On Taking Notes By Hand


Evidence that writing notes by hand on paper results in greater learning (as compared to taking notes by laptop keyboard). Check out “The Pen is Mightier Than the Keyboard” by Mueller and Oppenheimer in Psychological Science.

CLAIM: In effect, quickly typing copious lecture notes by computer fails to (at least in the experiment) generate the sorts of conceptualization techniques that promote learning (the way that slow handwriting requires students to think about what to selectively write).

Obviously, as any educator will tell you, based on his/her experience, this is an imperfect explanation. Seeing this, the authors also conducted a content analysis, which shows that students writing longhand have to summarize in their own words and draw on conceptual mapping to digest the information.

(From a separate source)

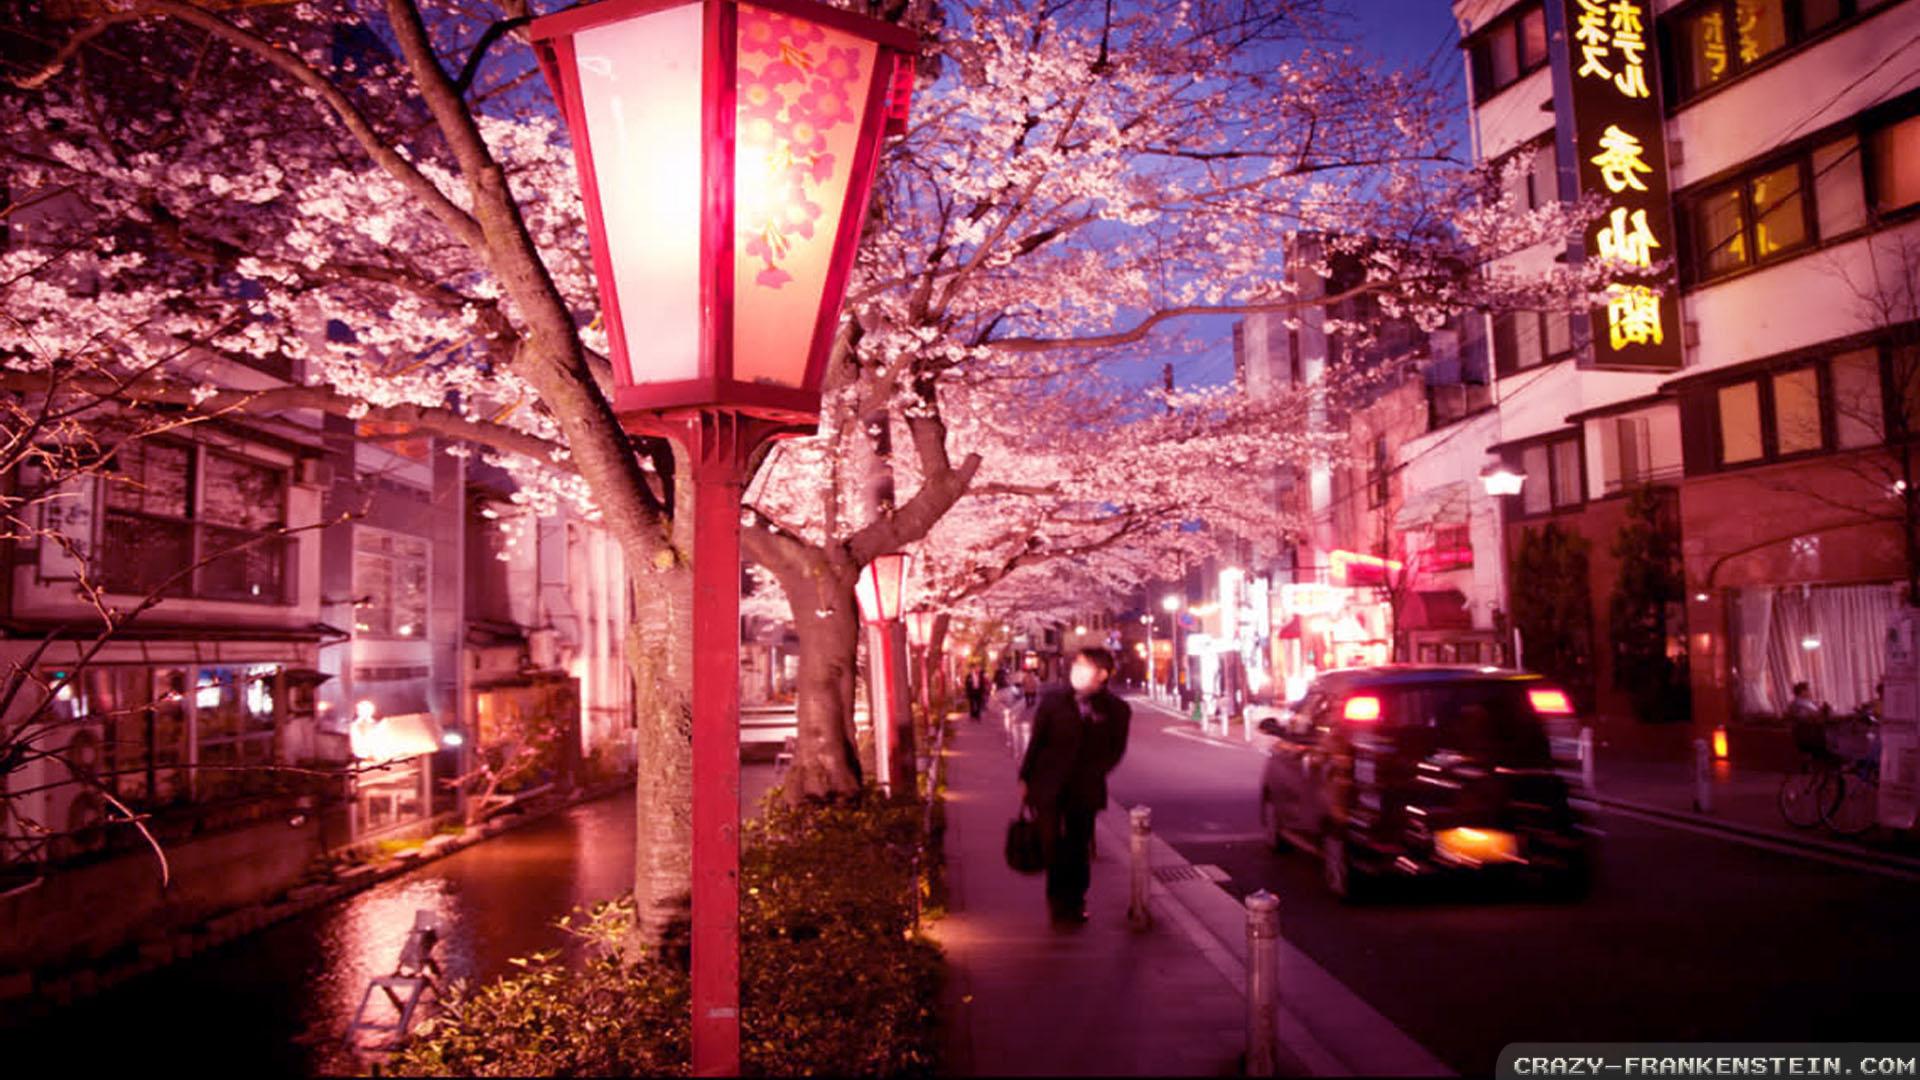 night-bloom-summer-in-japan-wallpapers-1920x1080

PROBLEMS: Interestingly, nothing about in-class discussion is mentioned and very little is said about on-line learning. I am reluctant to draw too many conclusions just yet about what this means for practice. There is a powerful irony when I hear a student say “its hard enough to just write this down let alone understand it” … as if notes were really designed for “learning later what you’re learning now.” The active classroom full of discussion — even if some or much of it distracts from the topic at hand — seems relevant. Also, on-line learning wherein notes are often ready-made for the bill-paying student seems like a relevant consideration too in this regard. Also, very little is said about writing assignments: I have been using a technique where students write their first draft totally by hand and then only type it up after I give comments; the quality is outstandingly better, in my experience (using this in a high-level social theory course where conceptualization in significantly important to success on writing assignments).

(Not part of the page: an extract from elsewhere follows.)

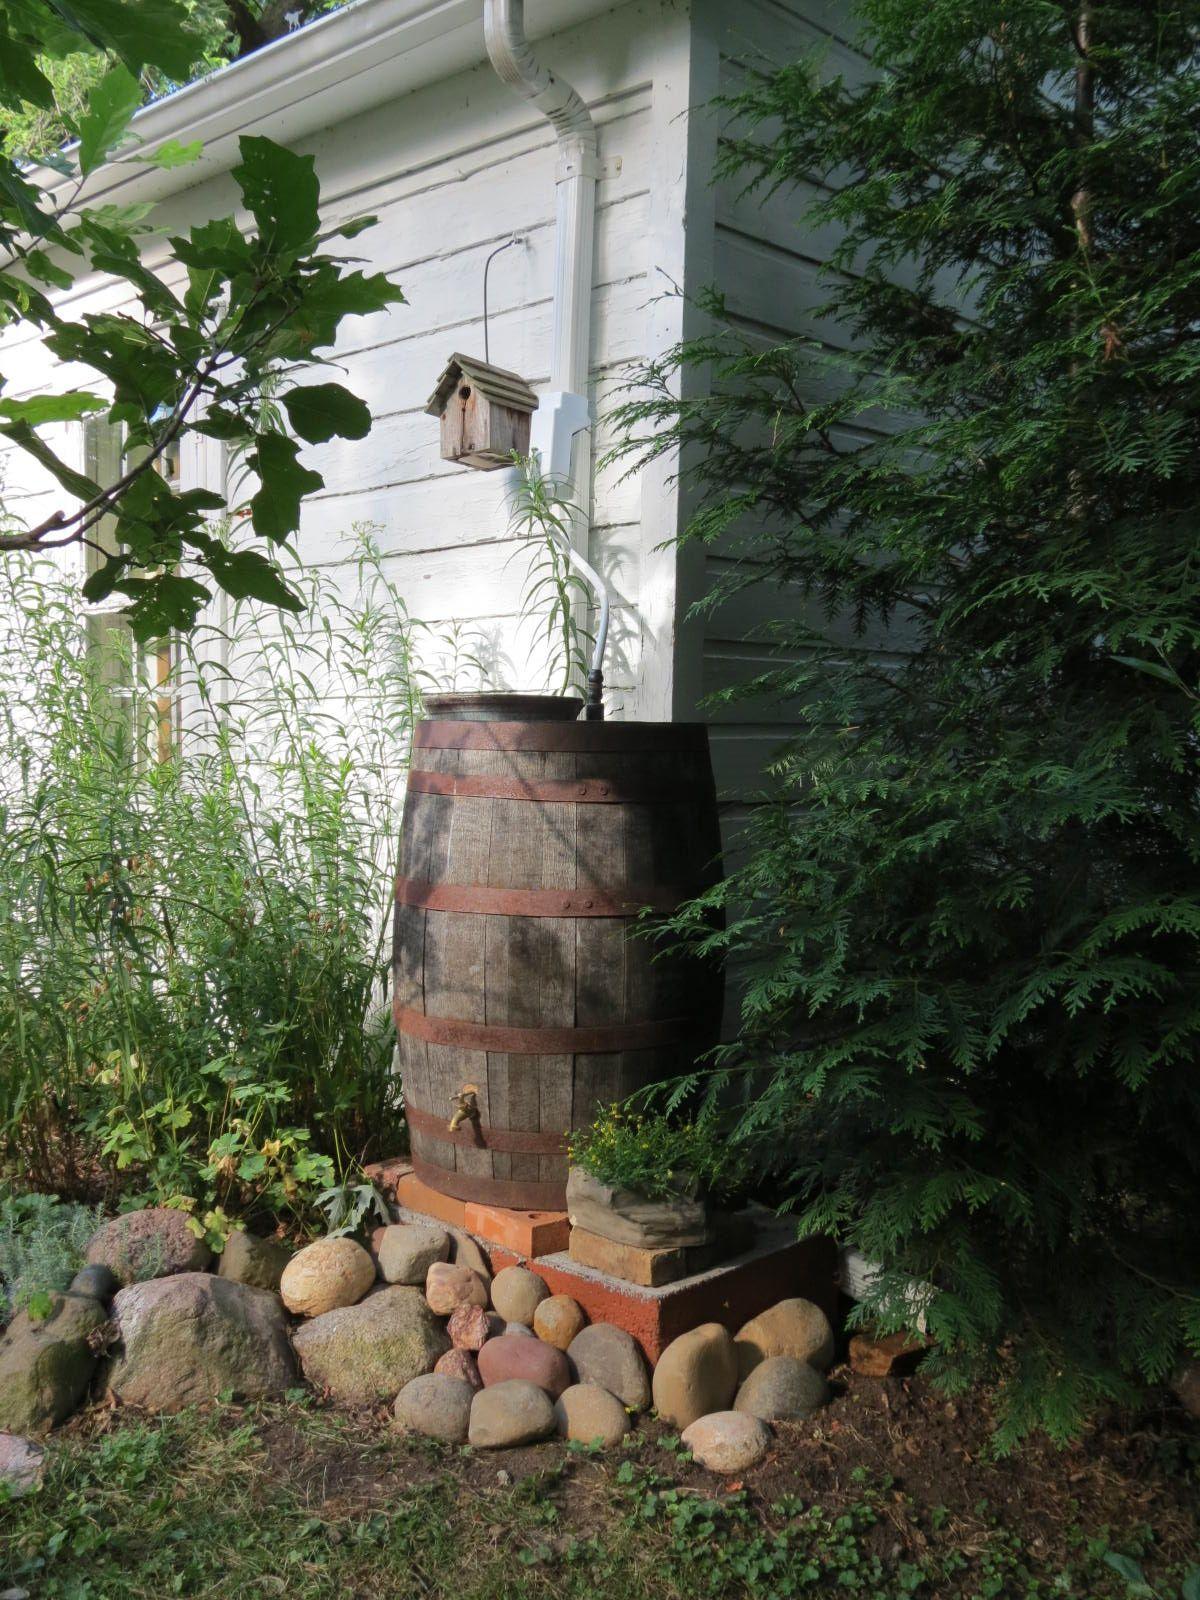 I like the stones built up around the rain barrel

STUDY: Back to the original study: Evidence comes from experimental research. Mueller and Oppenheimer used the following set-up:

Half of the students were instructed to take notes with a laptop, and the other half were instructed to write the notes out by hand.  As in other studies, students who used laptops took more notes.  In each study, however, those who wrote out their notes by hand had a stronger conceptual understanding and were more successful in applying and integrating the material than those who used took notes with their laptops.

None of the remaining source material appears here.